Yvonne Allendy


Yvonne Allendy was a French women's writer and art critic.

Early Life

She was born Alice Yvonne Nel-Dumouchel in Paris on September 3, 1890. She married René Allendy, a homeopathic doctor on November 19, 1912.

Career

In 1922, she and her husband set up the Groupe d'études philosophiques et scientifiques pour l'examen des idées nouvelles, at the Sorbonne.
Yvonne was the primary benefactor of the Théatre Alfred Jarry, set up by Antonin Artaud, Roger Vitrac and Robert Aron in 1926.
She co-wrote Capitalisme et Sexualité with her husband.
Using the pseudonym of Jacques Poisson, she published several articles discussing the relationship between art and psychoanalysis.
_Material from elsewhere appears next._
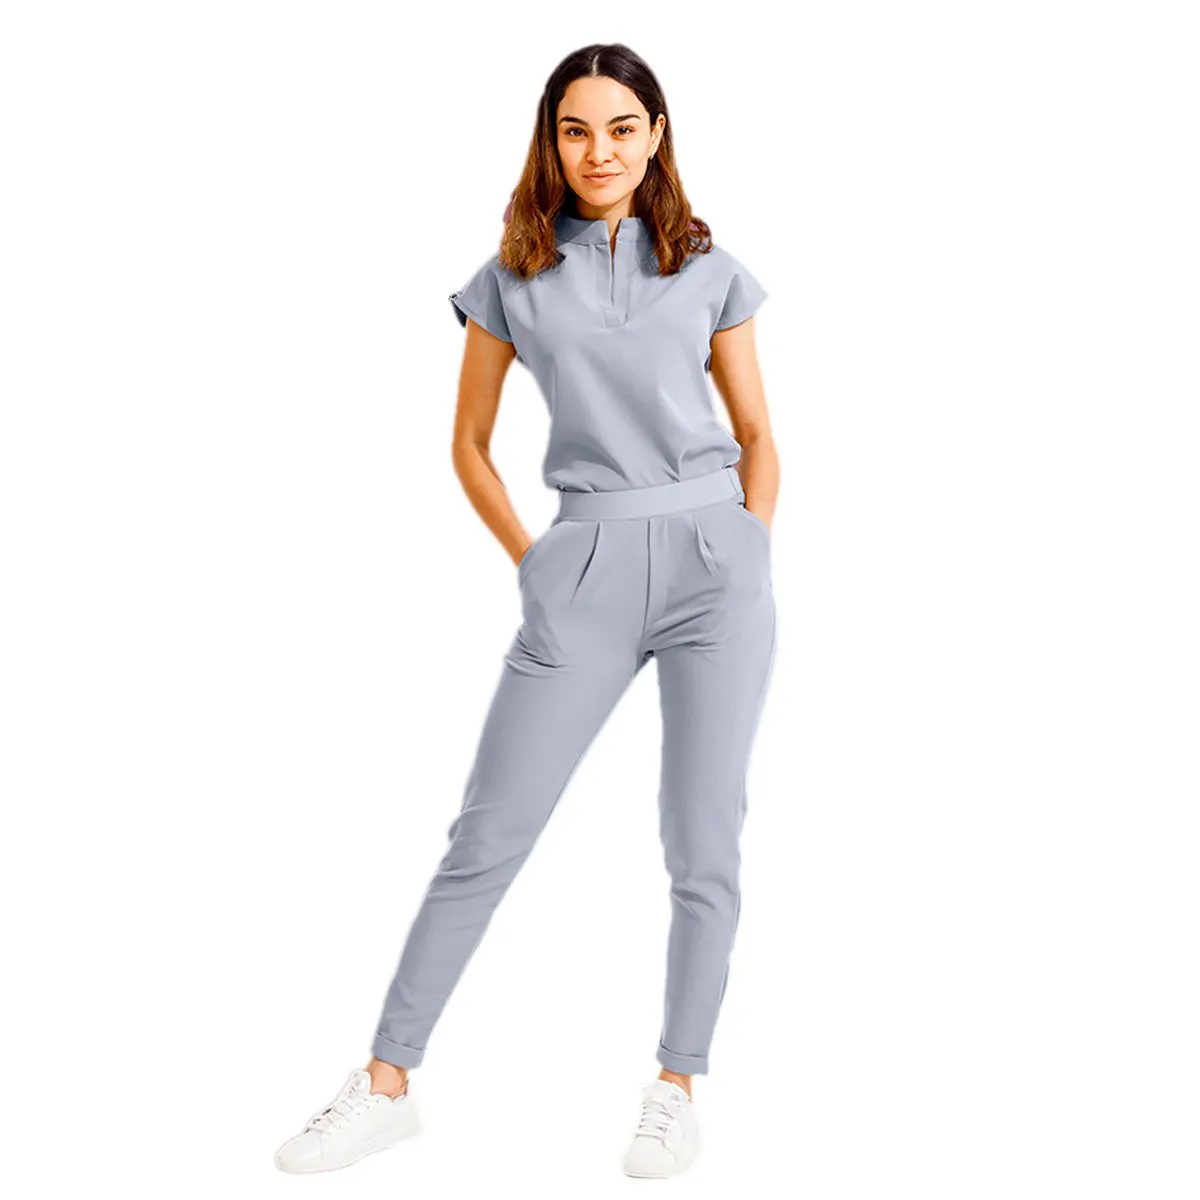 Kunden spezifische Krankenhaus Design Uniformen Frauen Jogger Set Medico Peelings Uniformen Kurz-/Langarm Medical Scrubs Uniformen

In "Littérature moderne et psychoanalysis" she analysed various avant-garde examples of art and literature encompassing the work of Guillaume Apollinaire, Jean Cocteau, Philippe Soupault and Blaise Cendrars. She was greatly interested in cinema, stating this new field should be concern to researchers of the unconscious psychic apparatus, which also dominates drama. She claimed that the cinema introduced the means to clearly reproduce the thought-images in a way that matched their rapidity.

Later Life

Yvonne Allendy died prematurely on 23 Aug 1935, at the age of 44. Her body is buried in the cemetery of Montmartre, in the family vault Dumouchel-Nel.